Any index, in theory, can be replicated, which opens up a world of opportunity. Even if you're not interested in investing per se, decomposing key indexes through style analysis offers valuable tactical and strategic information. As one example, deconstructing key hedge fund or CTA benchmarks published by BarclayHedge.com provides the basis for quasi-real time analysis of investment trends in the alternative investment space. In turn, the analysis can provide useful perspective on the evolution of manager preferences for asset classes in global macro or managed futures strategies.

Let's run through a simple example of how to estimate weights for an index through style analysis. To illustrate the process clearly in Part I of this two-part series, I'll start by reverse engineering an index that's already fully transparent: the S&P 500.

From a practical standpoint there's no need to decompose the S&P since its components are widely known and you can readily invest in the index through low-cost proxy ETFs and mutual funds. But let's pretend that the S&P 500 is an exotic benchmark and its design rules are a mystery. All we have to work with: the S&P's daily returns and a vague understanding that 11 equity sectors (financials, energy, etc.) drive the S&P's risk and return profile.

Fortunately, we have access to ETF proxies for those 11 sectors. Thanks to style analysis, we're also in luck because these puzzle pieces can be analyzed to create a replicated version of the S&P 500 via the 11 funds.
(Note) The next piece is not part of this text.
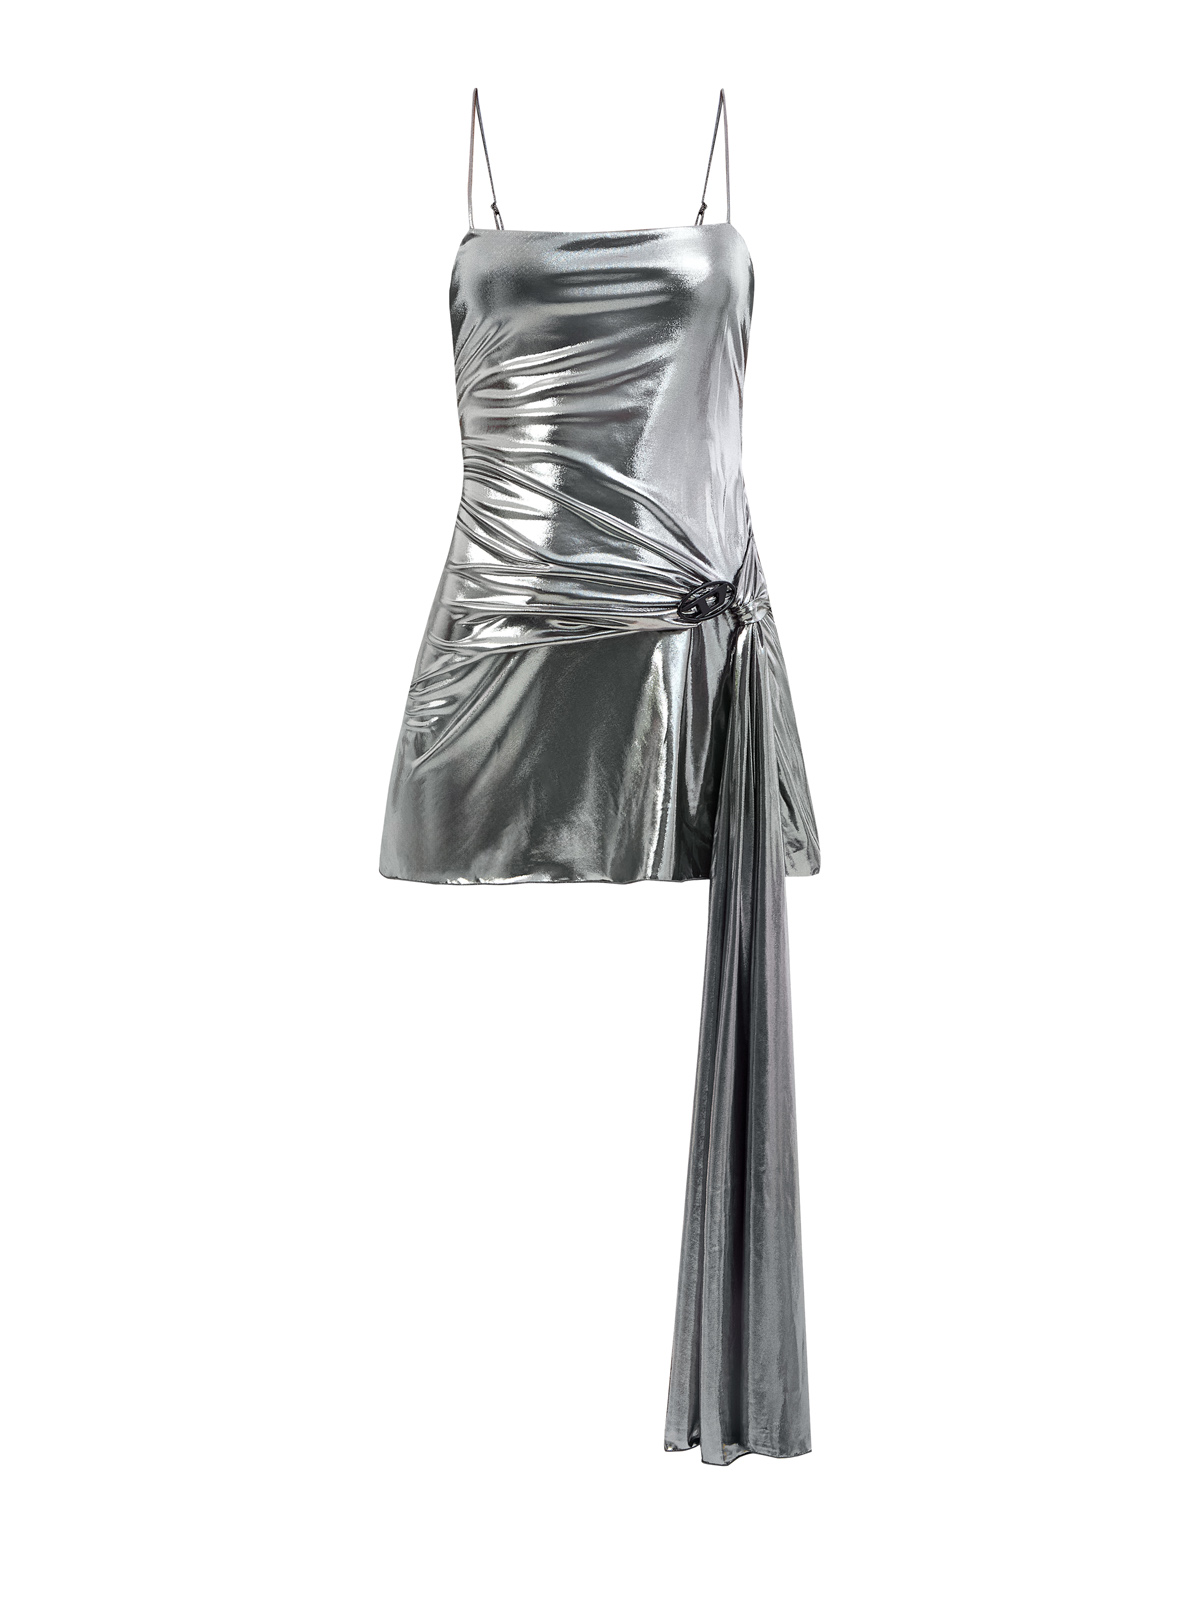   Интермода Платье-мини D-Blas цвета металлик с драпированной вставкой

The basic procedure is to run a regression on the S&P's historical returns against a set of relevant reference indexes. To maintain a long-only, unlevered result we'll impose constraints on the resulting coefficients.

There are several ways to crunch the numbers, including several off-the-shelf software packages that do all the heavy lifting for you. If you prefer to go behind the curtain to 1) understand how the analytics work; and 2) gain more control over the results, it's time to fire up R (much of what follows, by the way, is inspired and facilitated by the FactorAnalytics package).
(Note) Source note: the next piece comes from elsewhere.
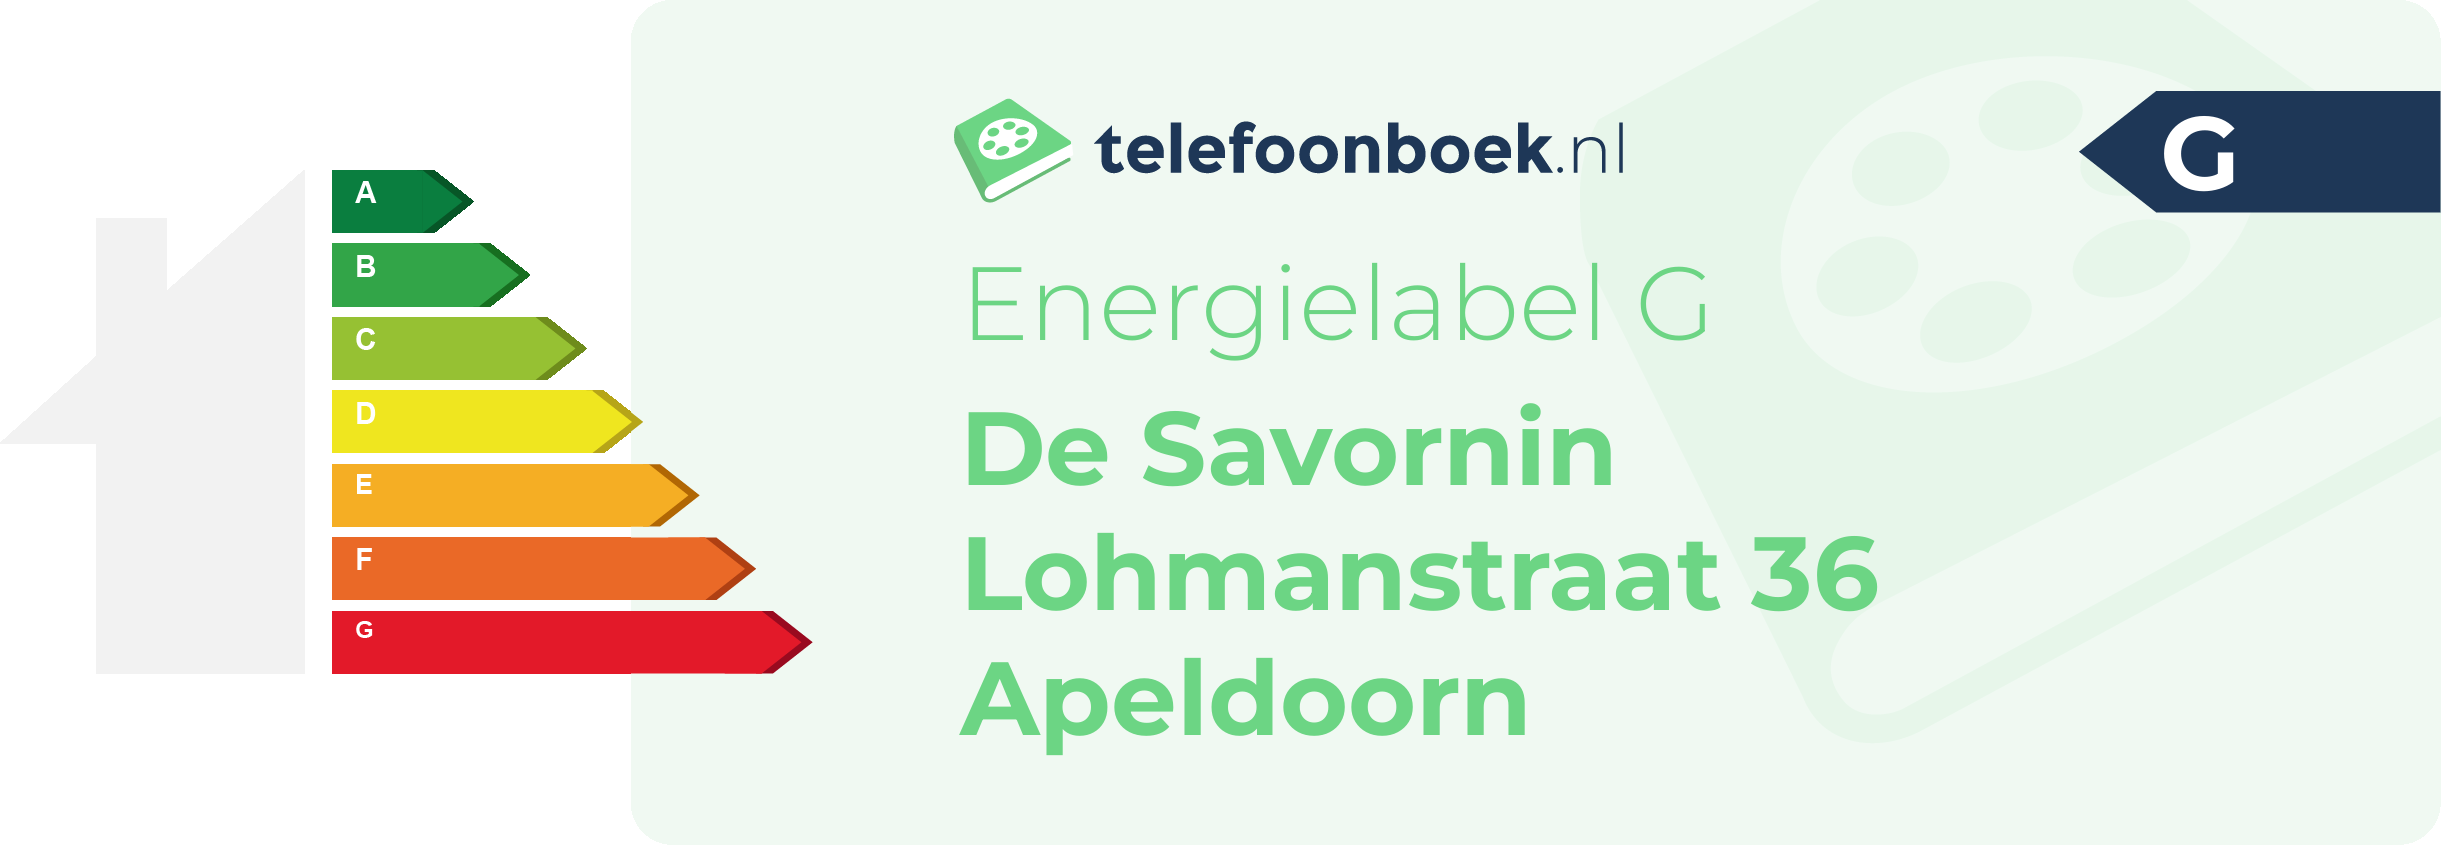 Energielabel De Savornin Lohmanstraat 36 Apeldoorn

There are a number of possibilities for estimating weights via style analysis. In this example I use the quadratic programming method via the solve.QP function. If you're curious, here's a basic setup I wrote using R code for a one-period analysis.

In terms of ETFs, the target index is represented by SPDR S&P 500 (SPY); you can find a list of the 11 sector funds here.

For this example I used daily returns from the end of 2010 through last week's close (Oct. 6) with the first asset-mix estimate following a year later. From there, I re-estimated the weights once every year (252 trading days). Here's how the replicated SPY portfolio compares with the genuine article:

R

Chart: Courtesy of CapitalSpectator.com

It's not perfect, but it's close. The correlation for the daily returns for the two indexes is 0.72 (if the match was perfect the correlation would be 1.0; if there was no correlation the reading would be 0.0). Looking back on the history for the sample period shows that the estimated weights for any one of the 11 sector funds ranged from 0 to roughly 22%.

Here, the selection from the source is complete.